**STORED DATA**
····················

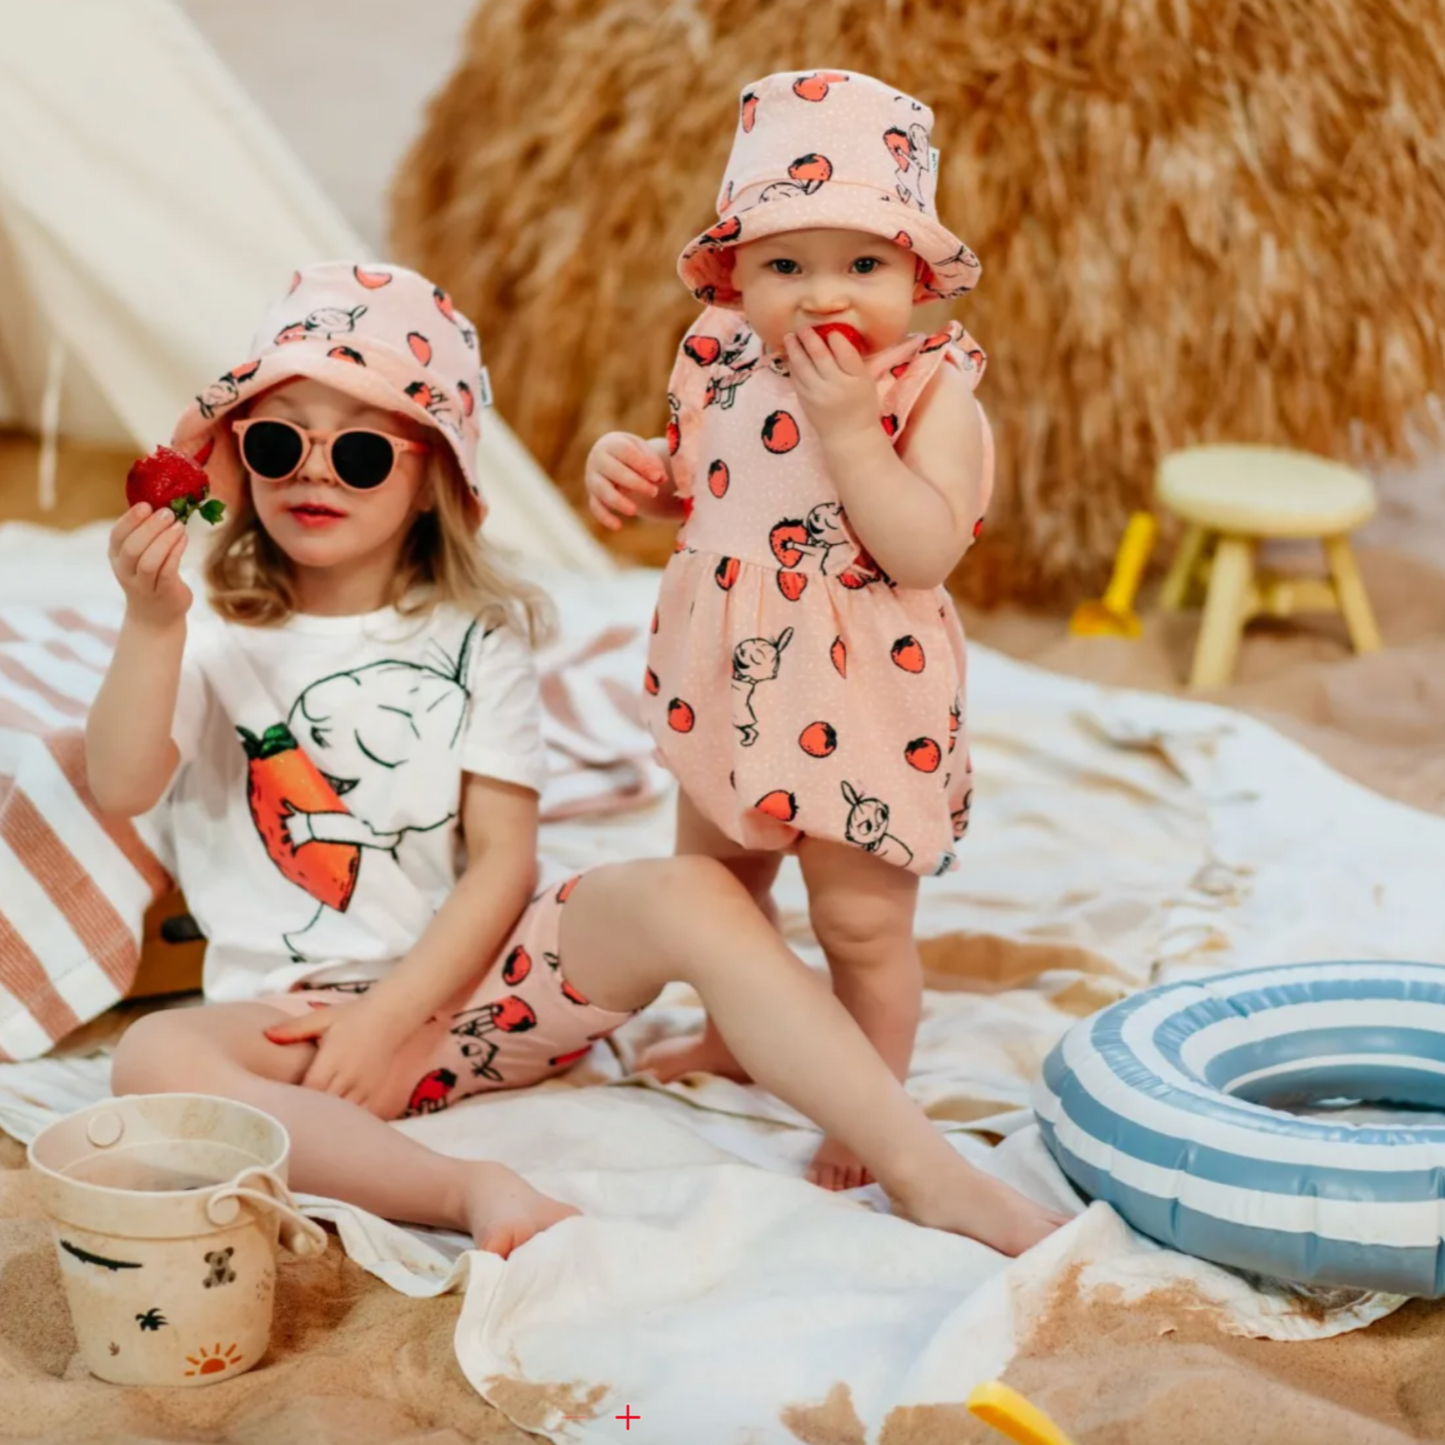 Moomin Baby Hat, Strawberry (8605258285343)
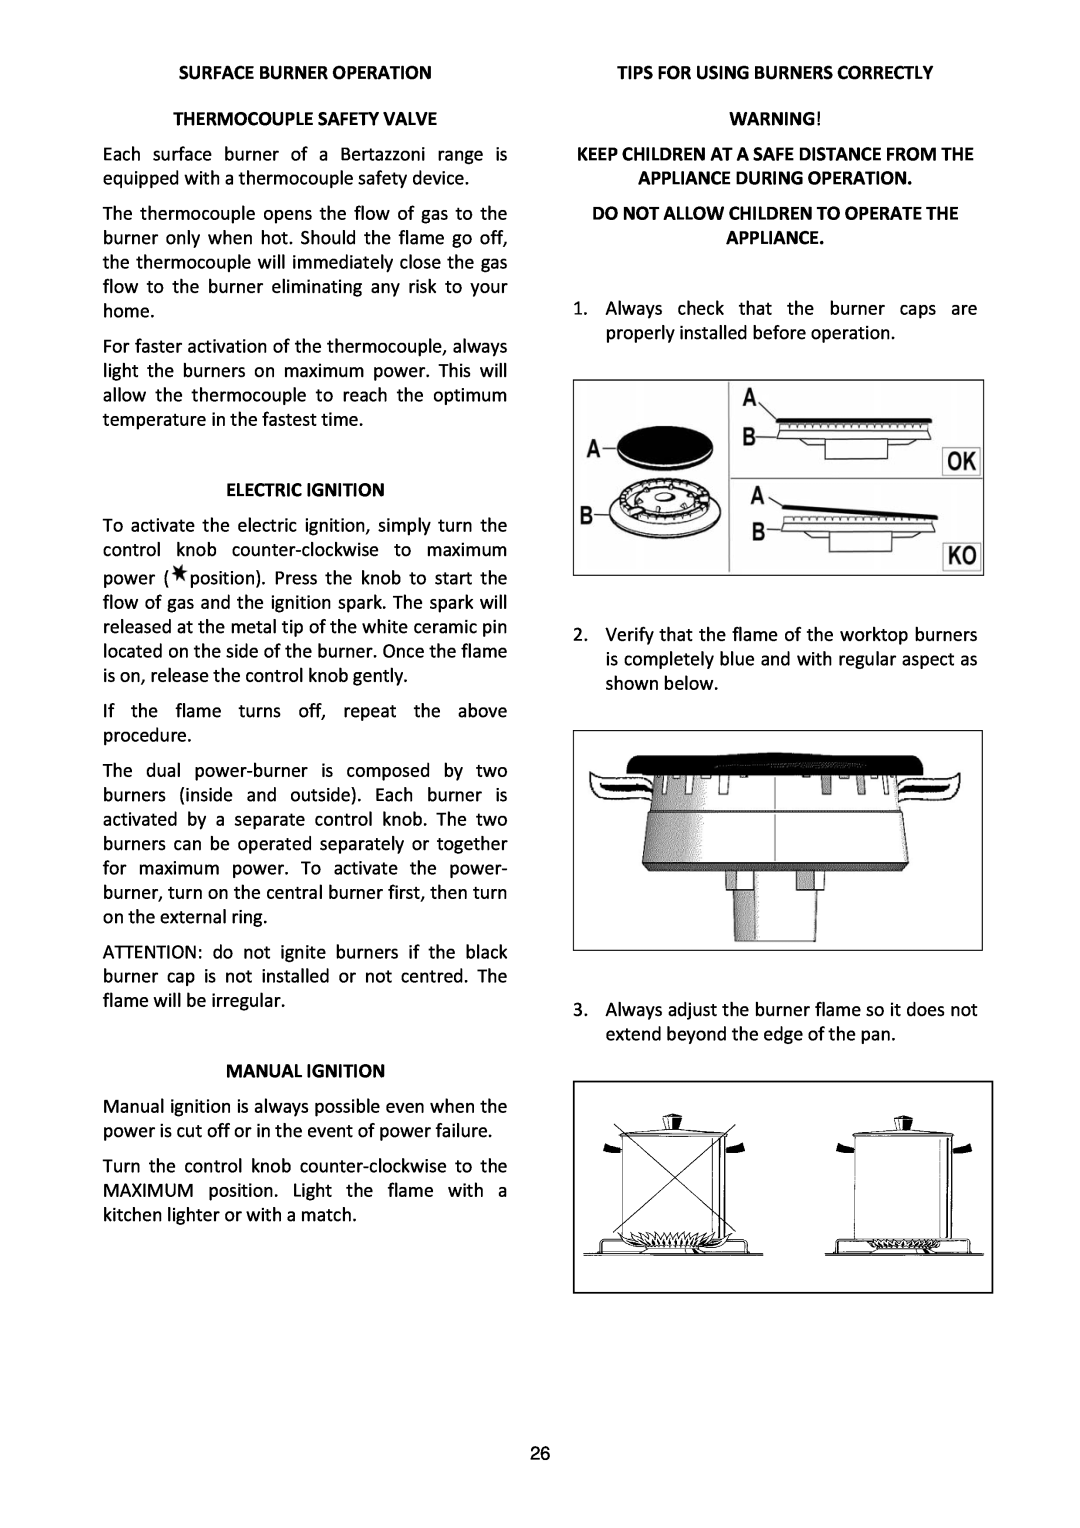 Bertazzoni MAS304DFMXE manual Surface Burner Operation Thermocouple Safety Valve, Electric Ignition, Manual Ignition 
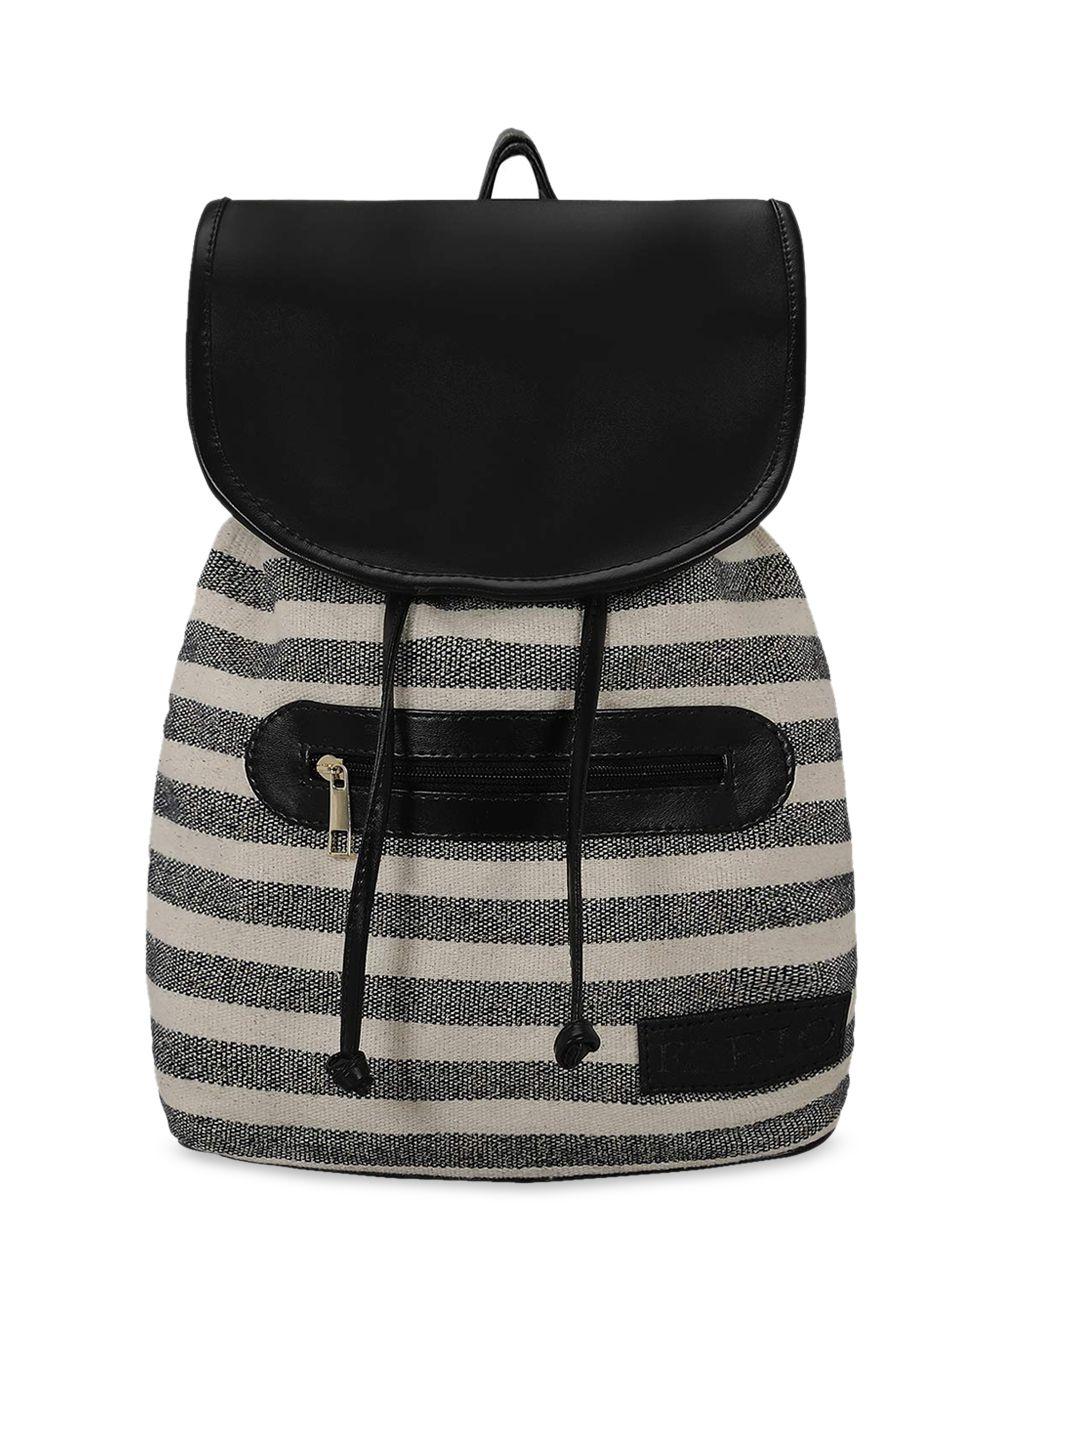 kleio women black & beige striped backpack

····················

In the copy, omit the pictures and give every line of the data exactly.

 Moomin Baby Hat, Strawberry (8605258285343)
 Bertazzoni MAS304DFMXE manual Surface Burner Operation Thermocouple Safety Valve, Electric Ignition, Manual Ignition 
 kleio women black & beige striped backpack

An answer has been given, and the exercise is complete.